# Sumarizador Automático de Texto usando Embeddings 
A proposta deste trabalho é desenvolver uma Prova de Conceito no intuito de demonstrar um sumarizador automático de texto capaz de gerar resumos extrativos de documentos usando embeddings para capturar a semântica das frases.

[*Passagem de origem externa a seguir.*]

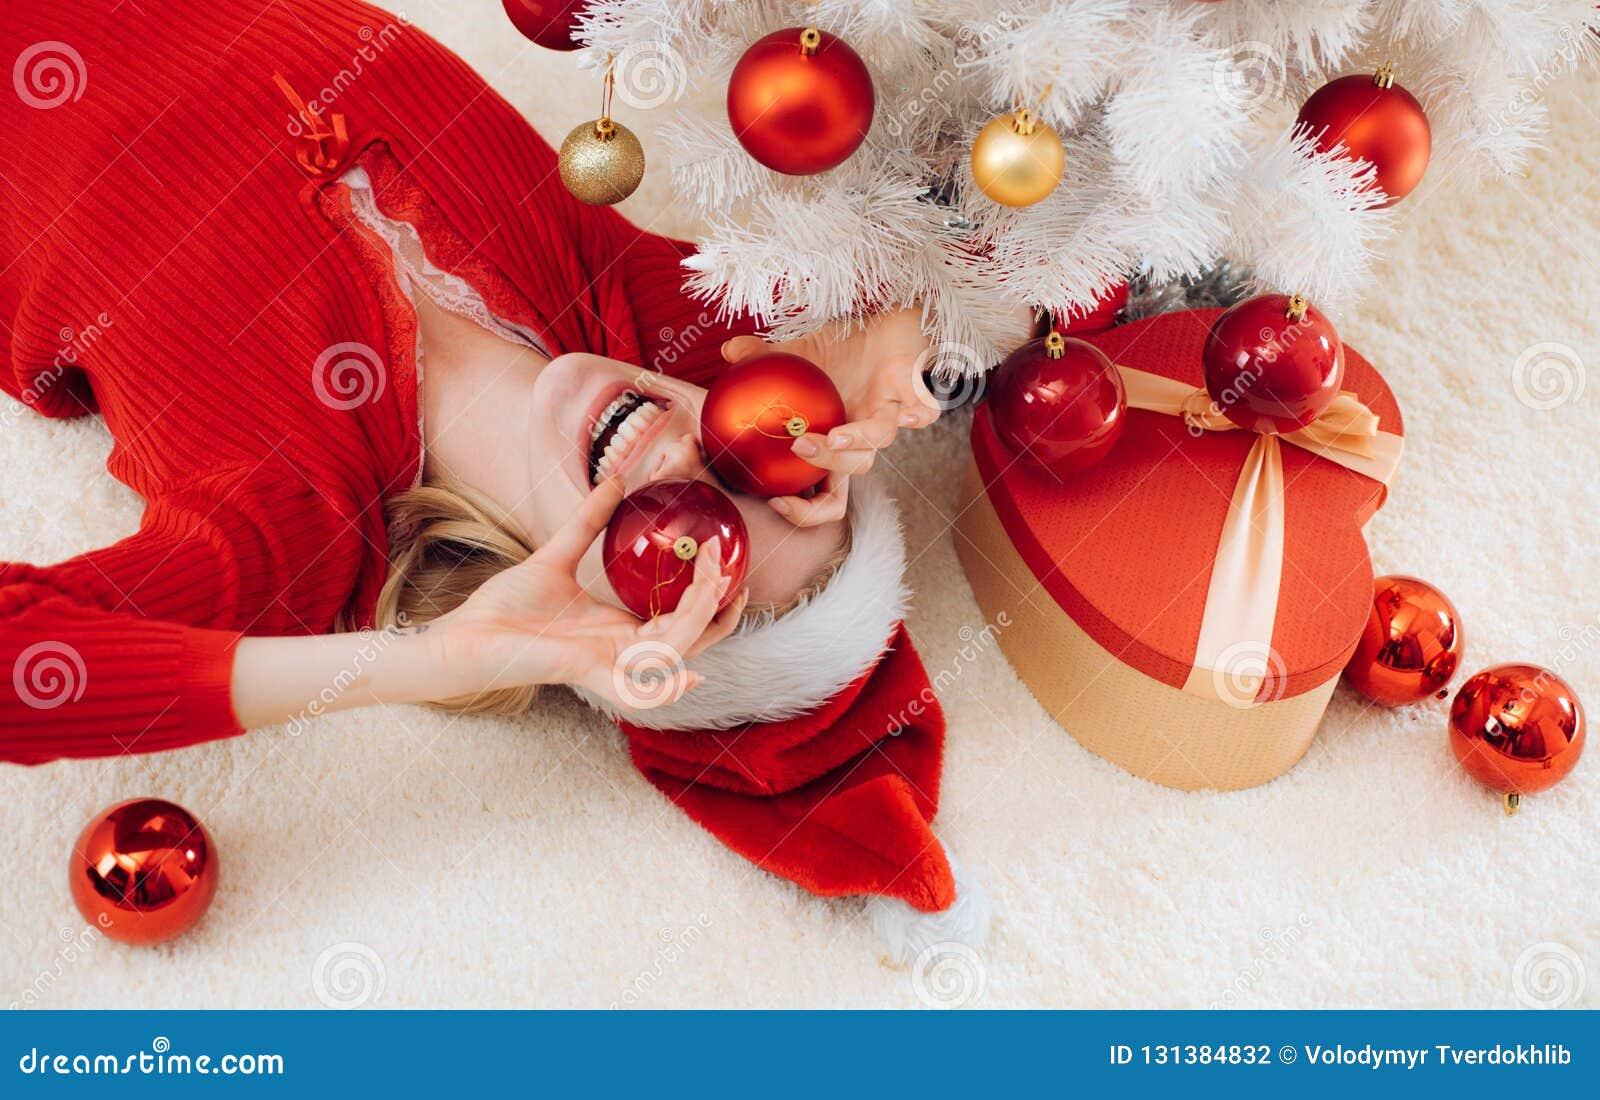 Año Nuevo de las mujeres Feliz Navidad y Feliz Año Nuevo Diversión de Papá Noel Rectángulo de regalo del Año Nuevo Muchacha diver
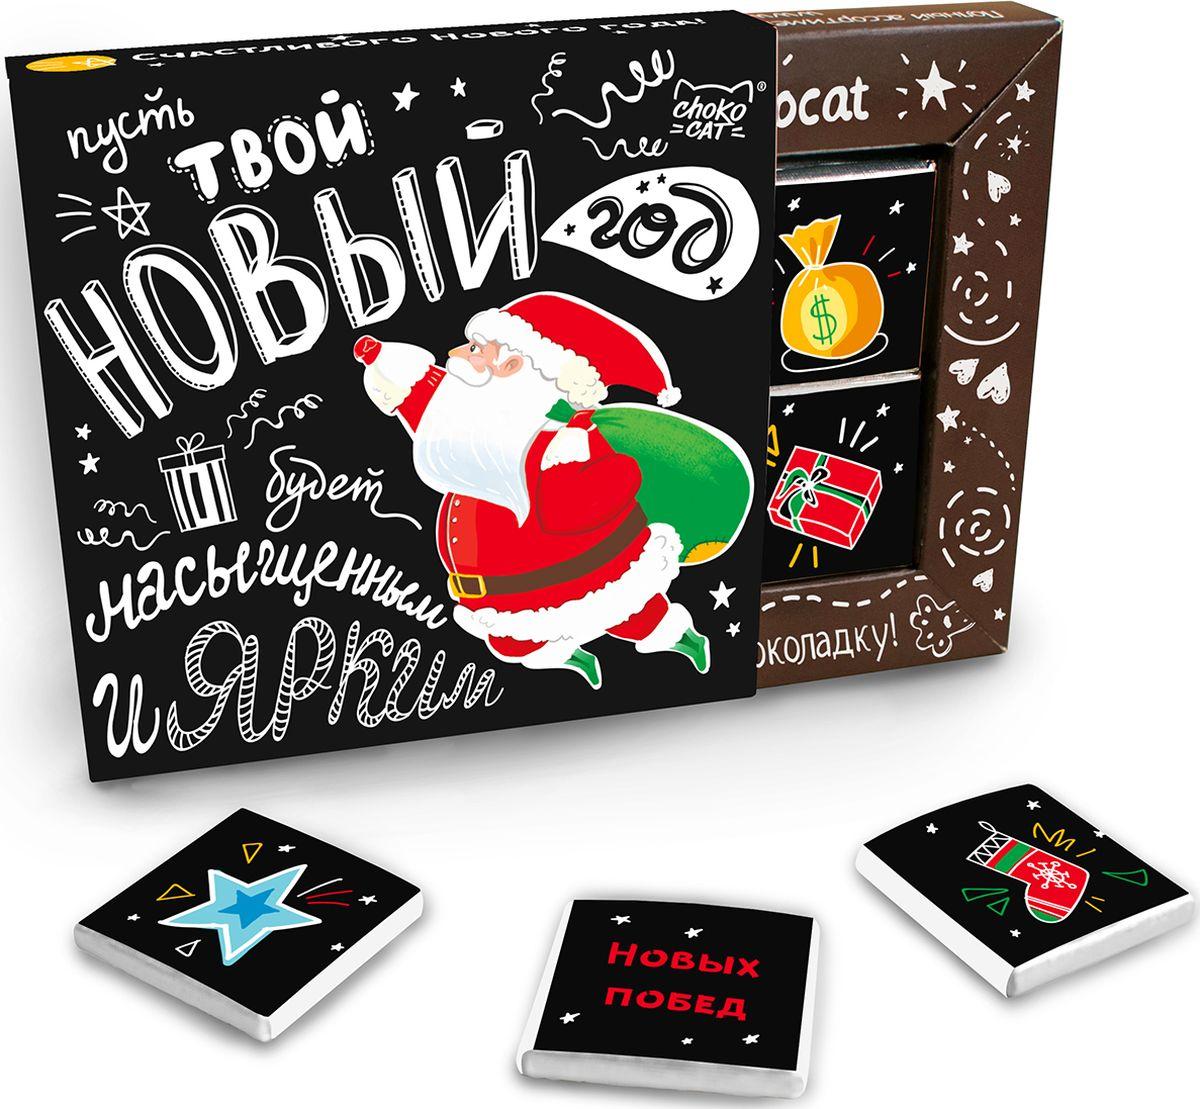 Chokocat Супер Дед Мороз молочный шоколад, 60 г chokocat для позитива молочный шоколад 60 г

Para os testes e avaliação, será utilizado o dataset CNN/DailyMail; ele contém artigos de notícias e seus resumos, e é amplamente utilizado para tarefas de sumarização. 

O pipeline de execução do sumarizador será composto, basicamente, pelas seguintes etapas: 
1. Pré-processar o texto
2. Transformar cada frase do texto em um vetor (embedding); 
3. Aplicar clusterização nesses embeddings para agrupar frases contextualmente similares; 
4. Obter as frases mais representativas de cada cluster; 
5. Compor o resumo extrativo a partir das frases obtidas.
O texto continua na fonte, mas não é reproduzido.